Structural Investigation of RNA Silencing Supression by Plant Viruses

RNA silencing is a conserved eukaryotic gene regulation mechanism that provides sequence-specific antiviral defense in higher plants and a few taxa of invertebrates. Double-stranded RNA (dsRNA) molecules trigger Dicer-like (DCL) Class-III RNases in the host cytoplasm that result in hydrolysis of dsRNAs into small 21-24 nt siRNA duplexes, typically with 2-nt 3′ overhangs. Guided by the siRNA, RISC complex surveils the cytoplasm for complementary viral RNA targets and cleaves them by PIWI-domain mediated hydrolysis, rendering antiviral defense through post-transcriptional gene silencing (PTGS).

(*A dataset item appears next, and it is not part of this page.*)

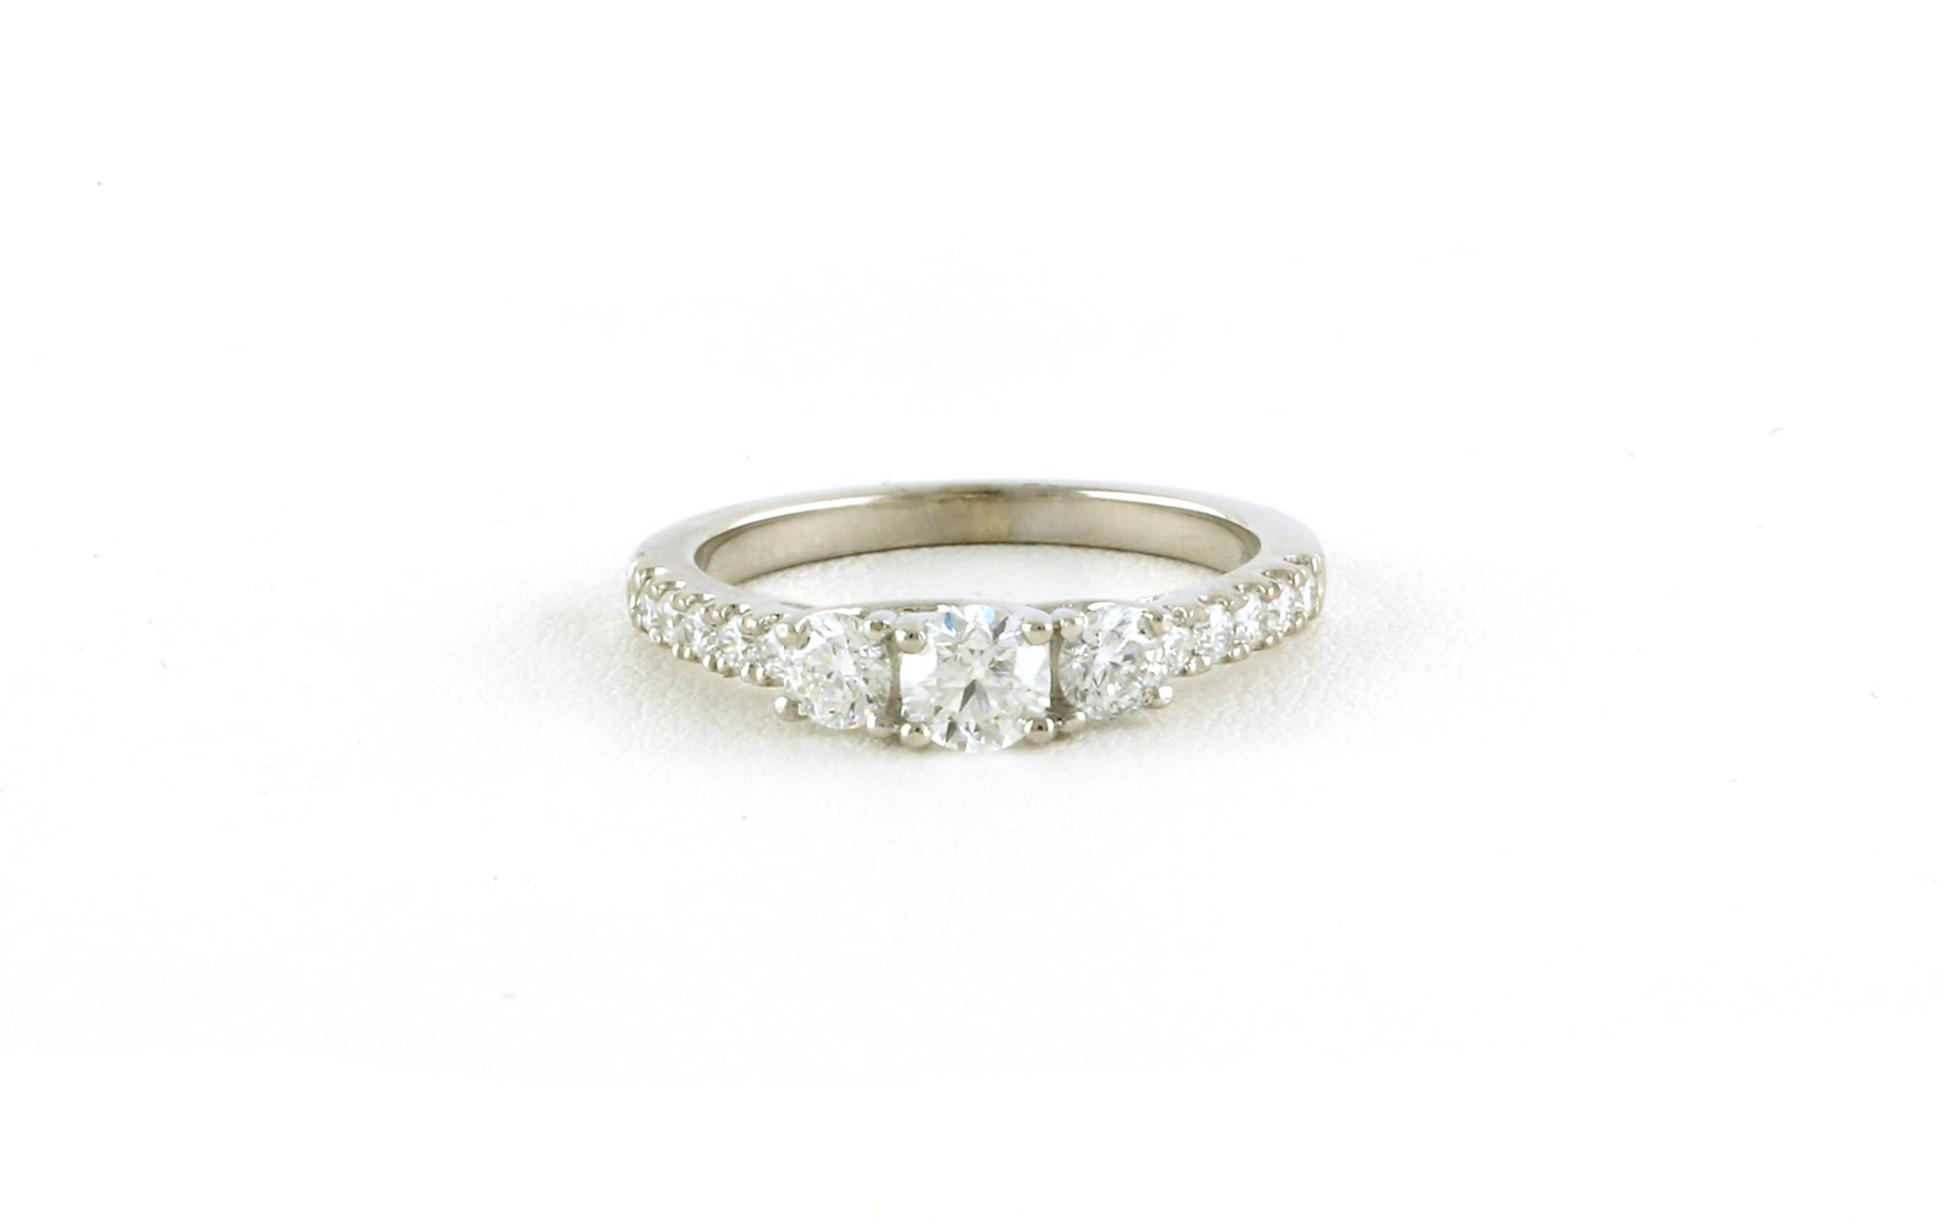 3-Stone Diamond Ring with Pave Shank in White Gold (1.02cts TWT)

High plains wheat mosaic virus (HPWMoV) is an important wheat and maize pathogen that belongs to the newly discovered Emaravirus genus (Family: Fimoviridae, Order: Bunyavirales). Recently, the complete genome sequence of various isolates of HPWMoV revealed eight segments, of which two encode siRNA suppression proteins termed P7 and P8. While P7 shows binding to long dsRNA fragments (180 nt), P8 seems to bind preferably to 21 nd dsRNA, implying different siRNA suppression mechanisms.

We expressed P8 and purified it to homogeneity and found it to oligomerizes in solution to a very stable tetramer. We had success in crystallizing P8 and determined its crystal structure to 1.9 Å resolution. The structure reveals new class of short RNA binding protein. Using our structure we biochemically explored the mode of binding of short RNA duplex to P8. Our structural and biochemical investigations provide new insights into viral evasion mechanisms to win in the tug-of-war between the virus and its host-cell.